---------- Available data ----------

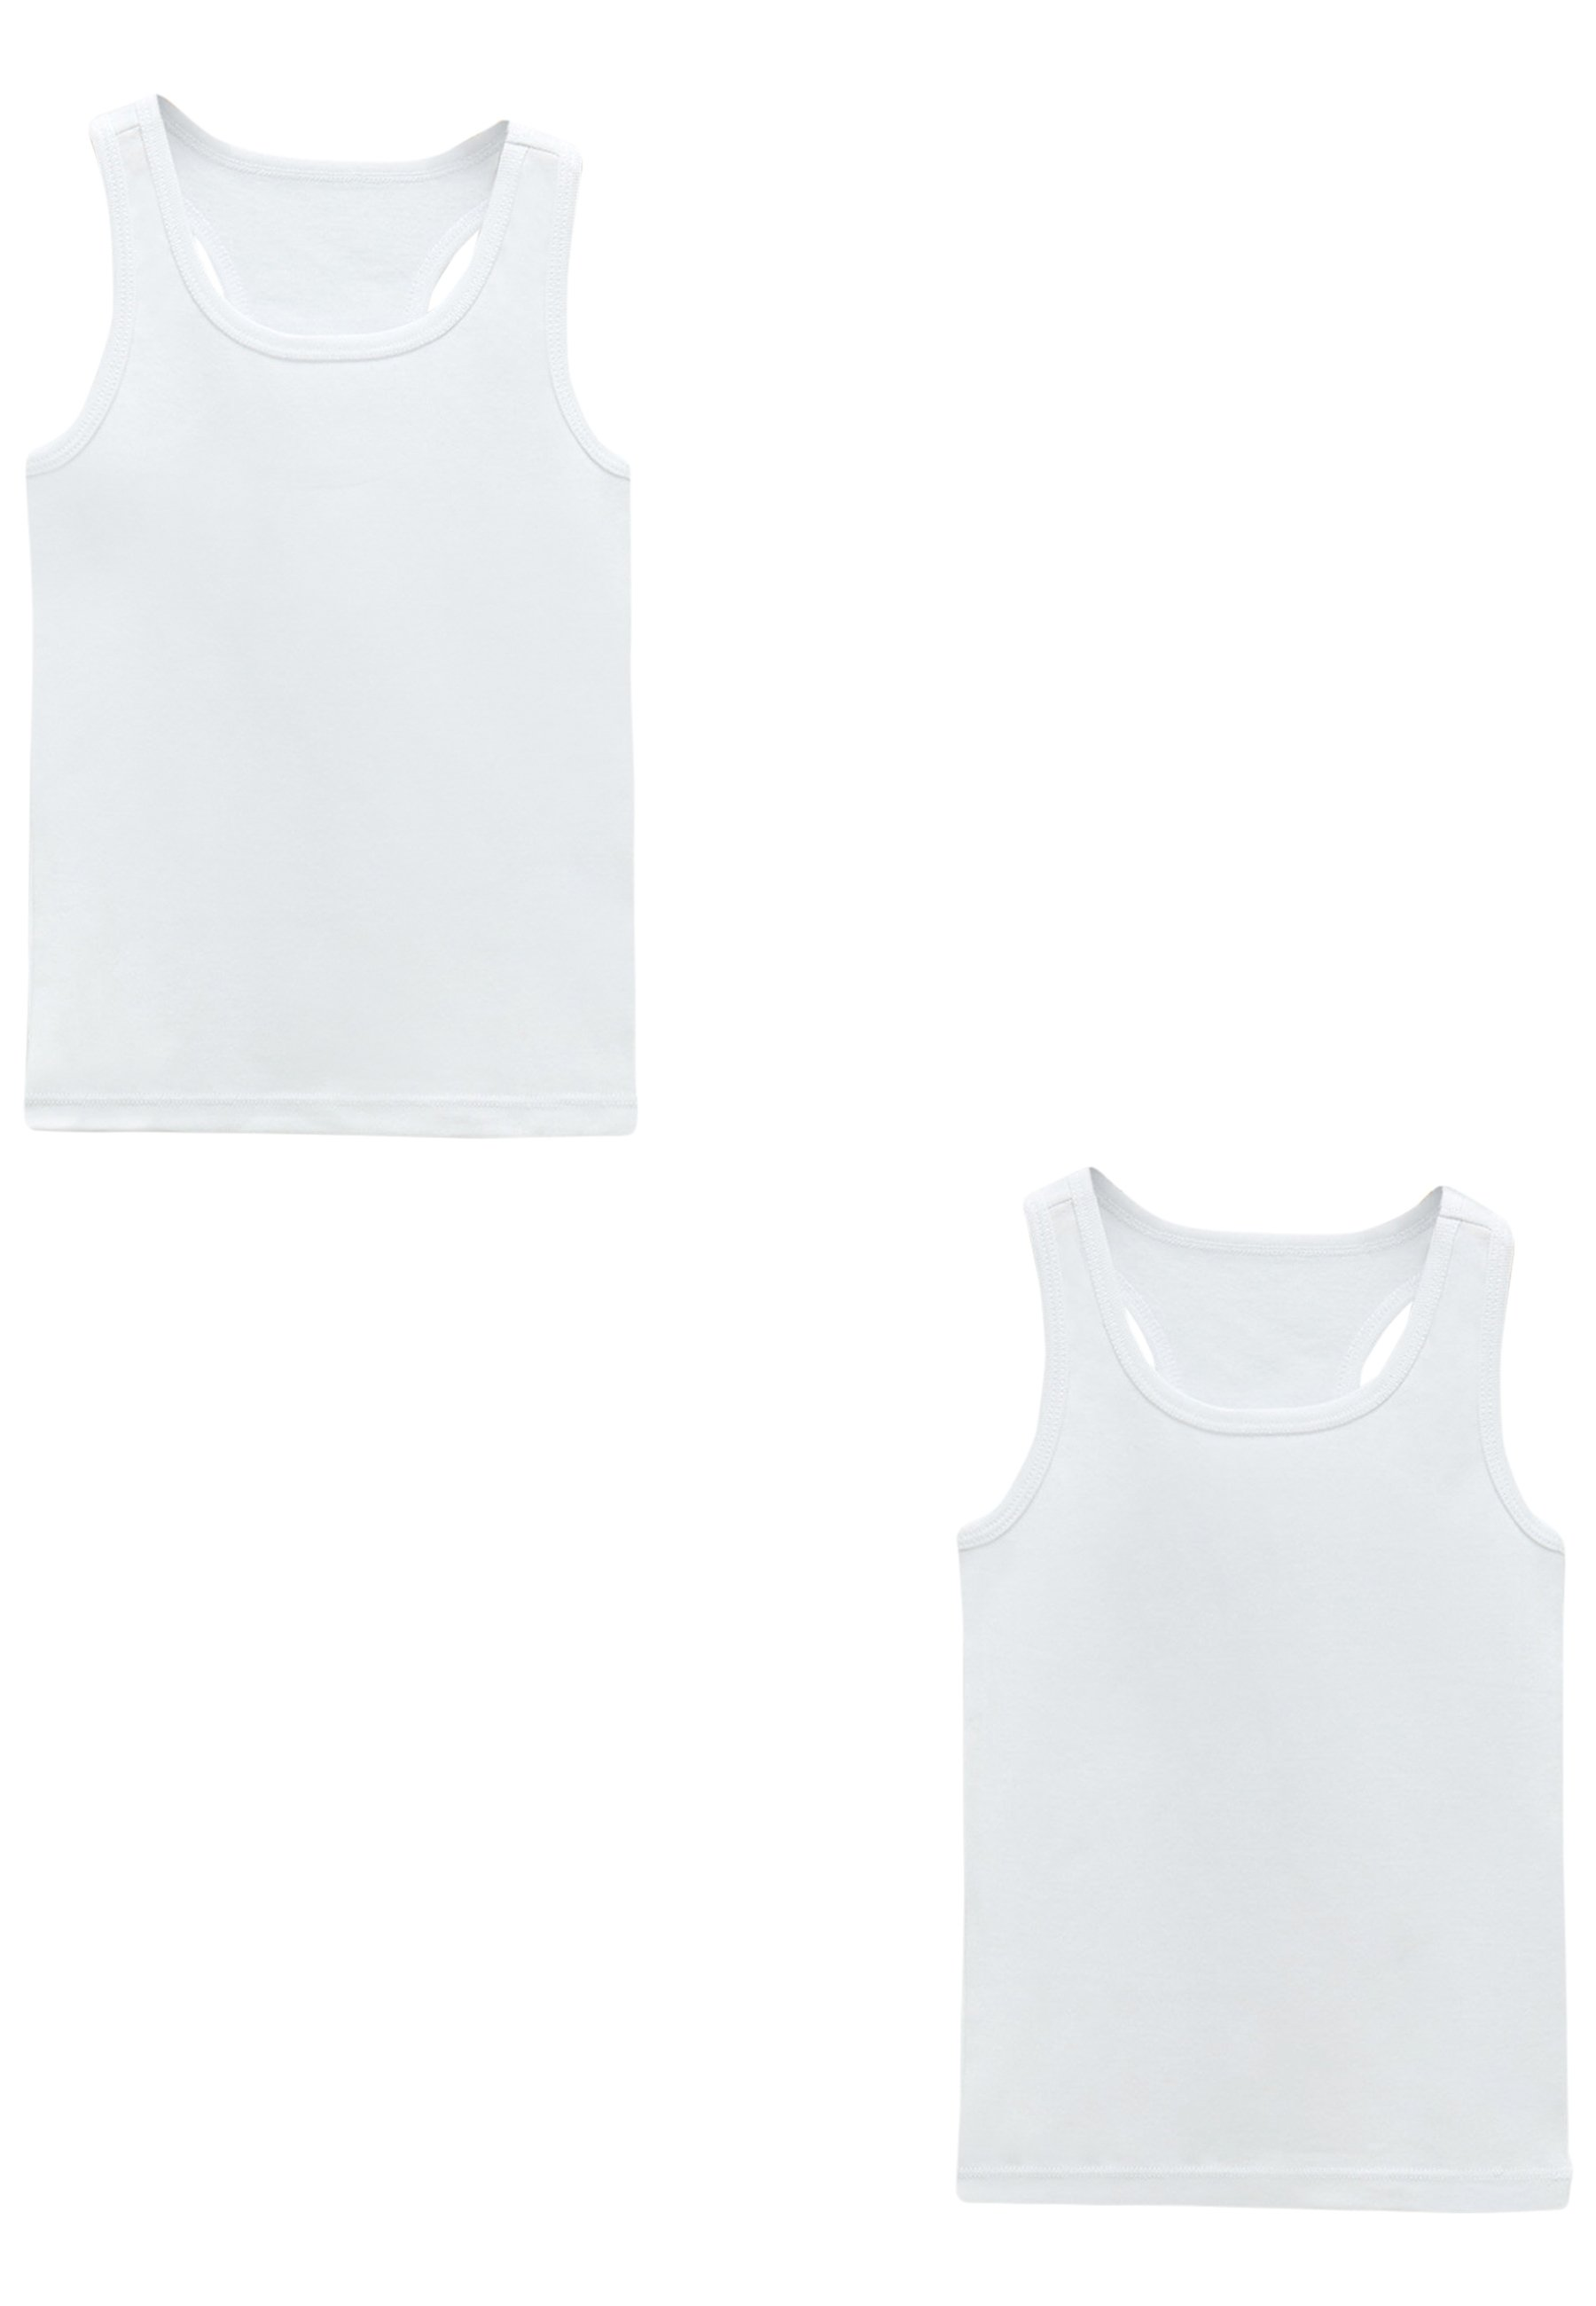 Kinder 2 PACK - Unterhemd/-shirt
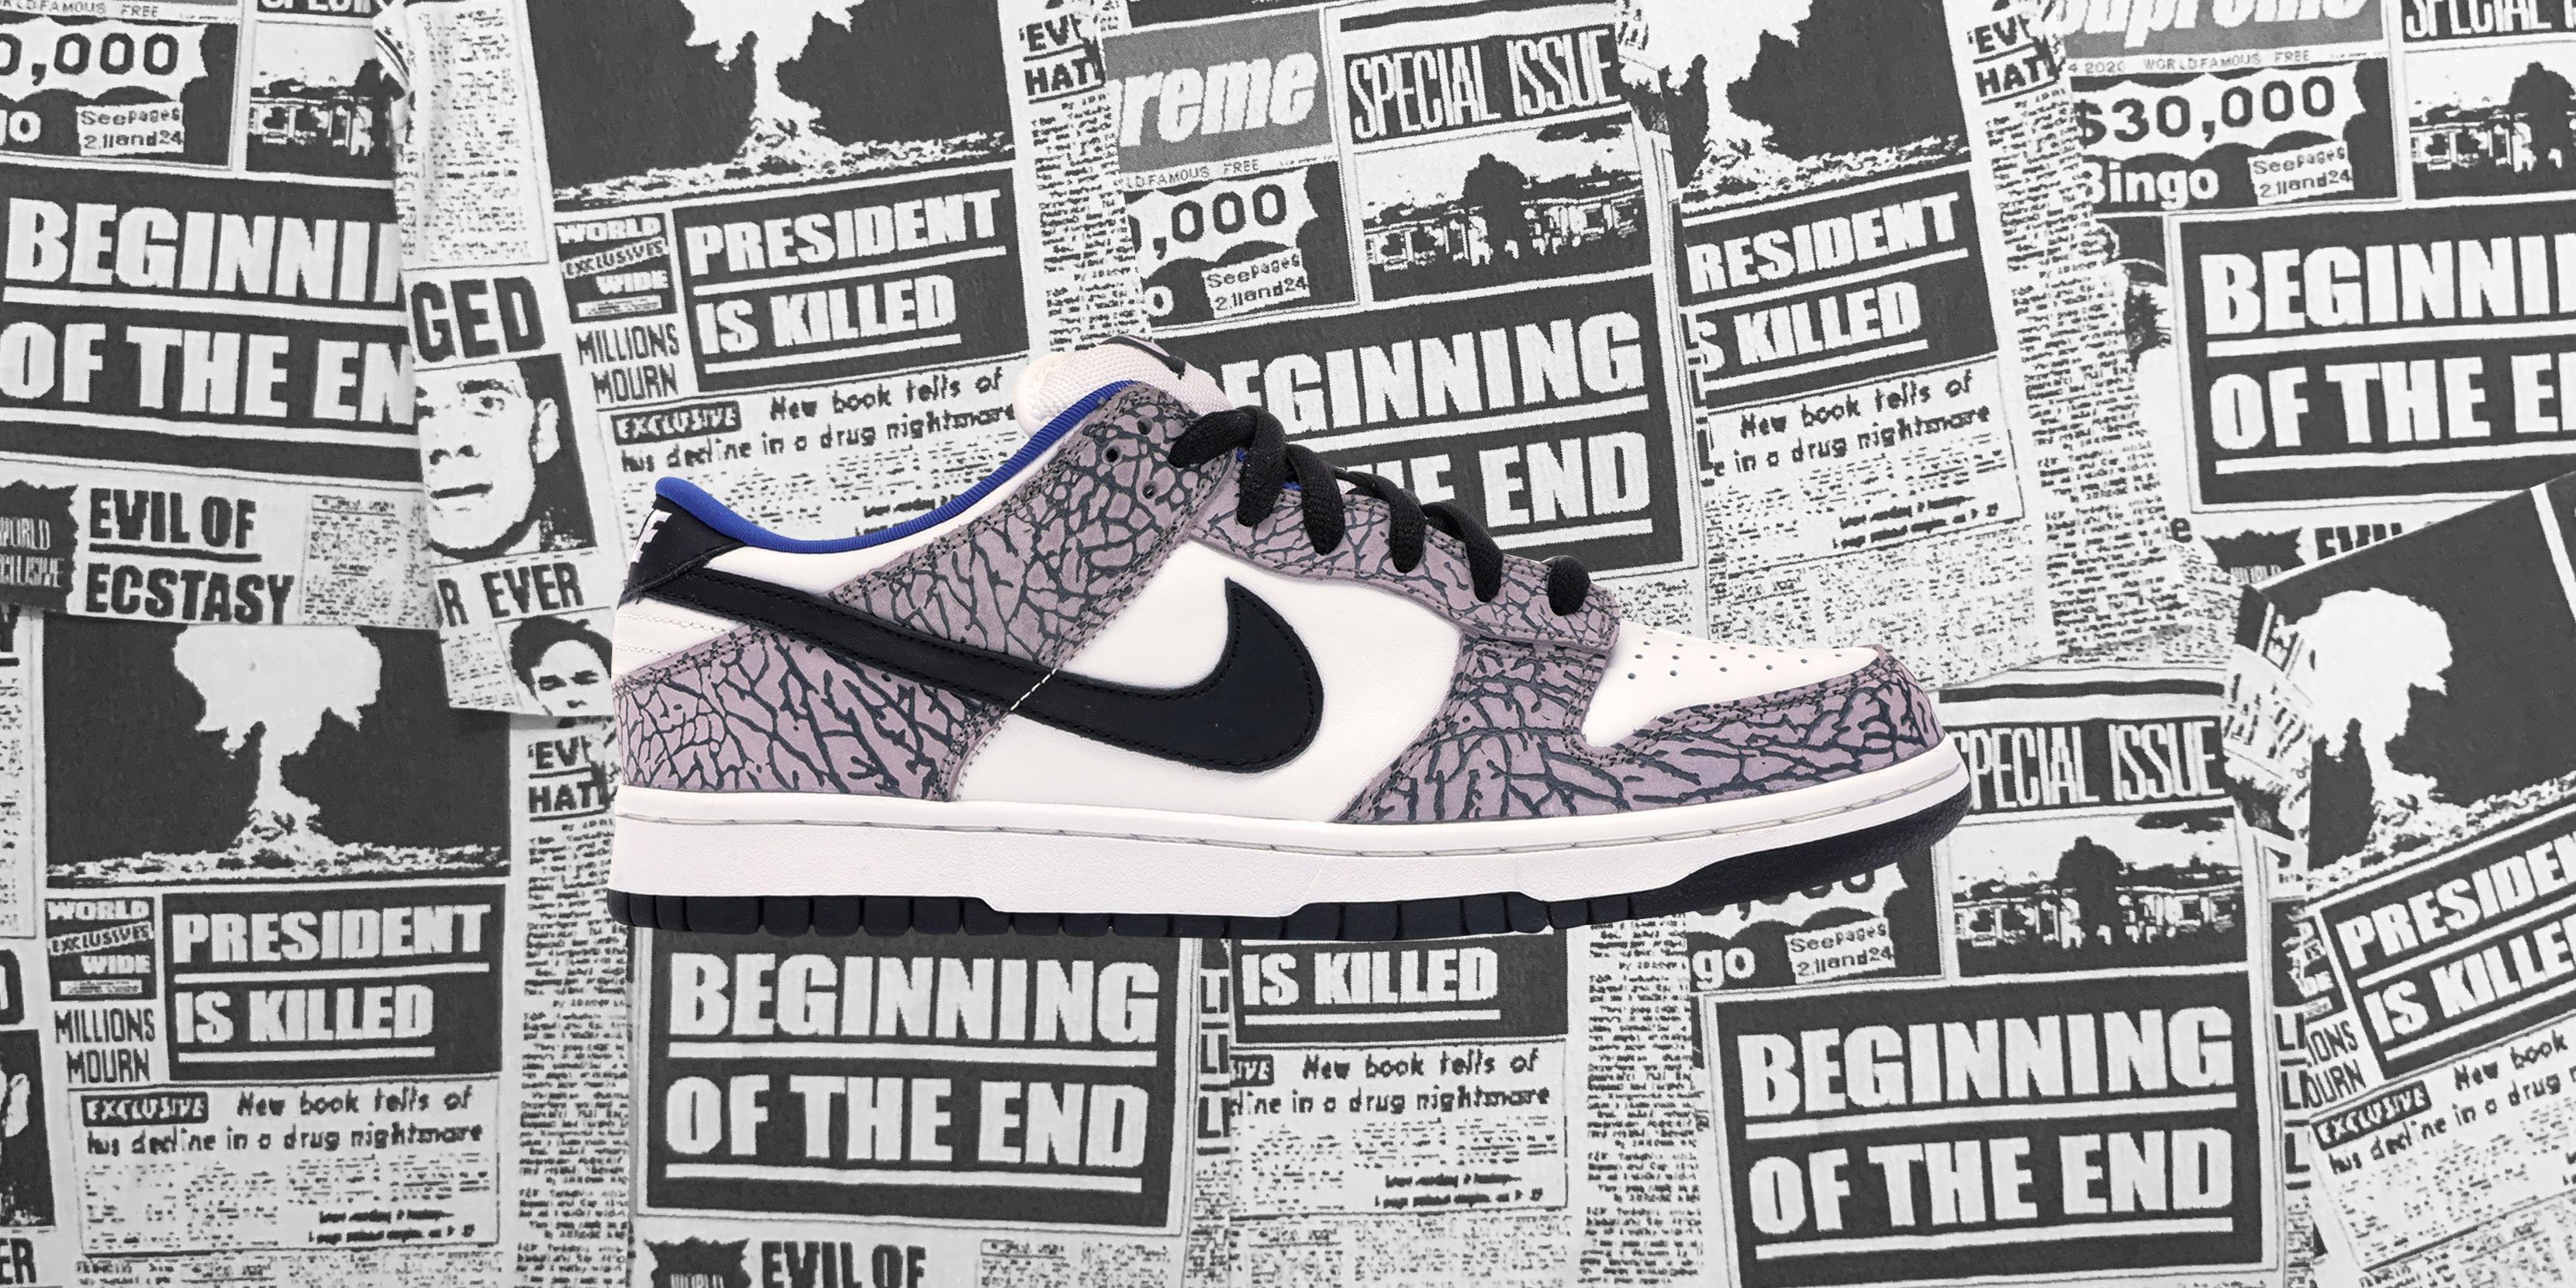 b08ca6855cb Cop the drop: Supreme x Nike Dunk Low SB White Cement sneaker
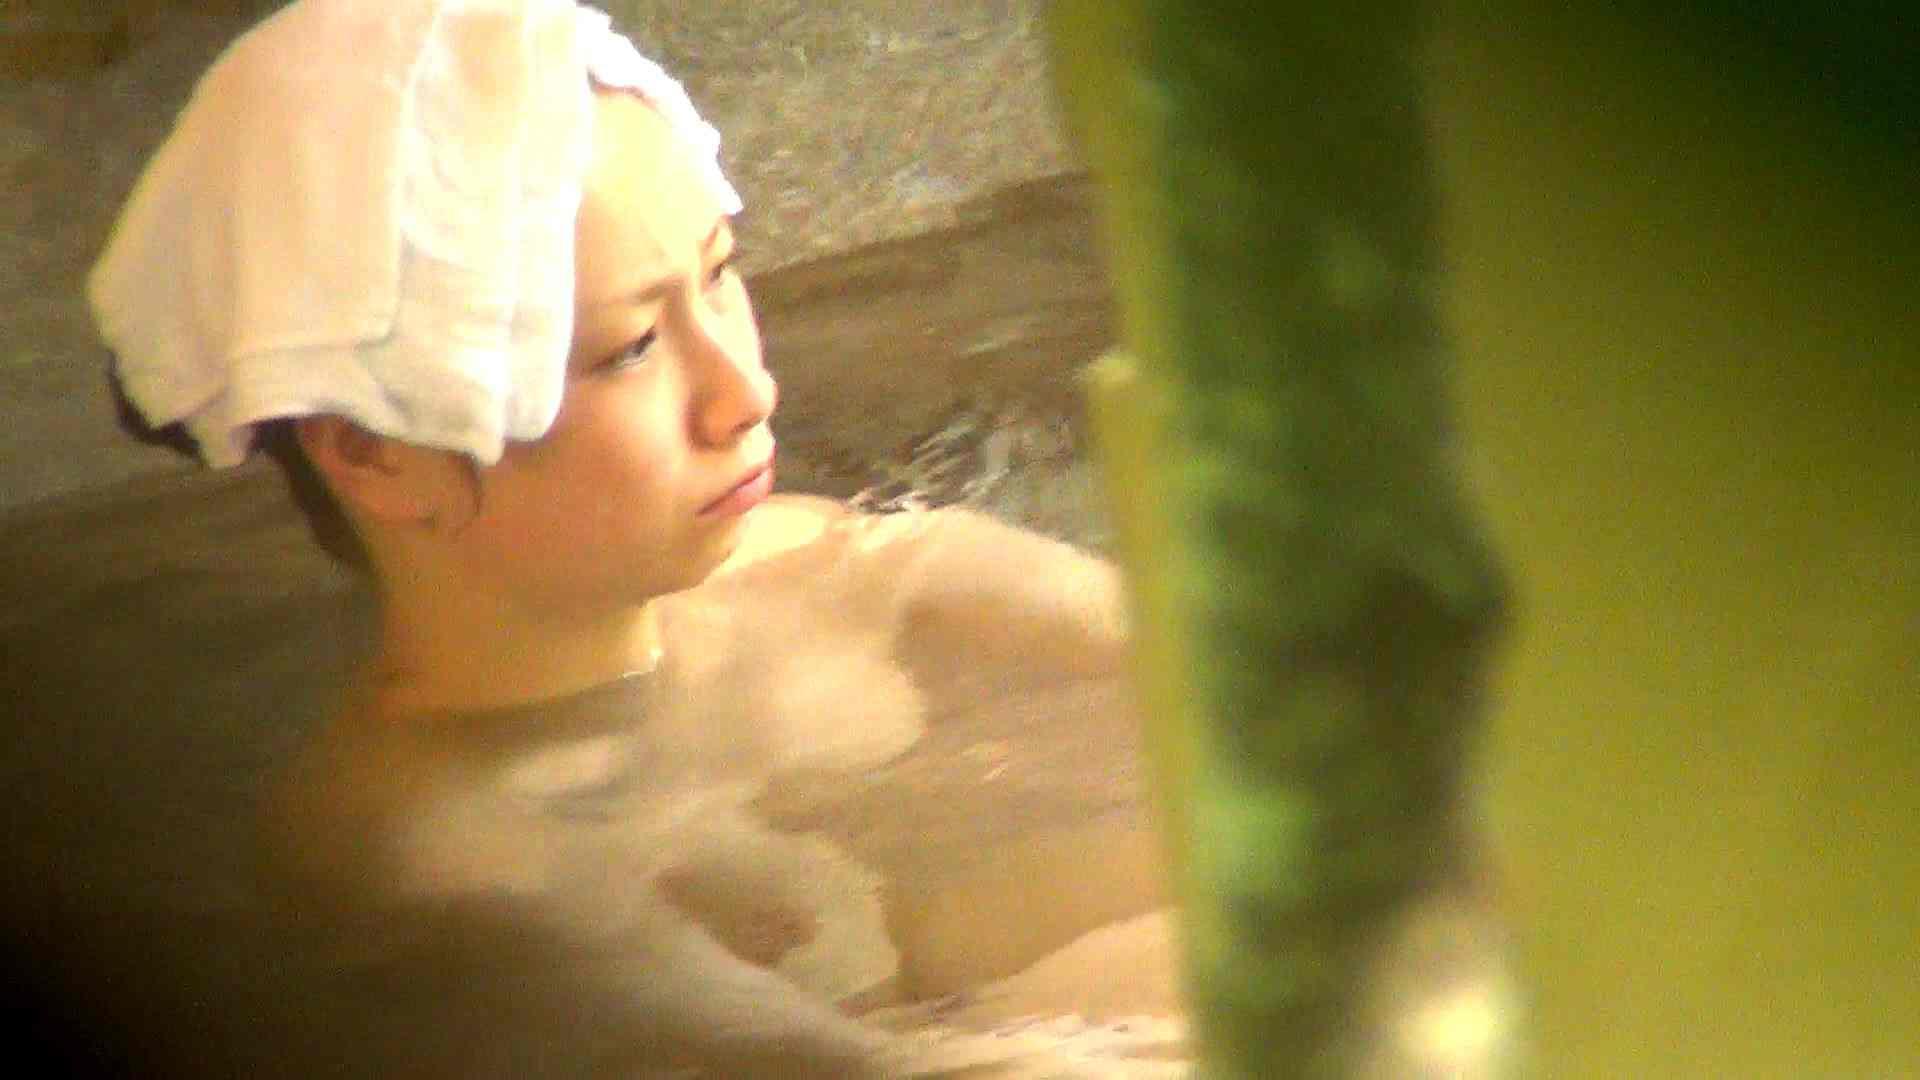 Aquaな露天風呂Vol.266 盗撮映像  83Pix 64

----------

* _What this task involves_
The whole listing above, line by line, needs to be copied exactly, except for any images.

* _Final answer_
 Kinder 2 PACK - Unterhemd/-shirt
 b08ca6855cb Cop the drop: Supreme x Nike Dunk Low SB White Cement sneaker
 Aquaな露天風呂Vol.266 盗撮映像  83Pix 64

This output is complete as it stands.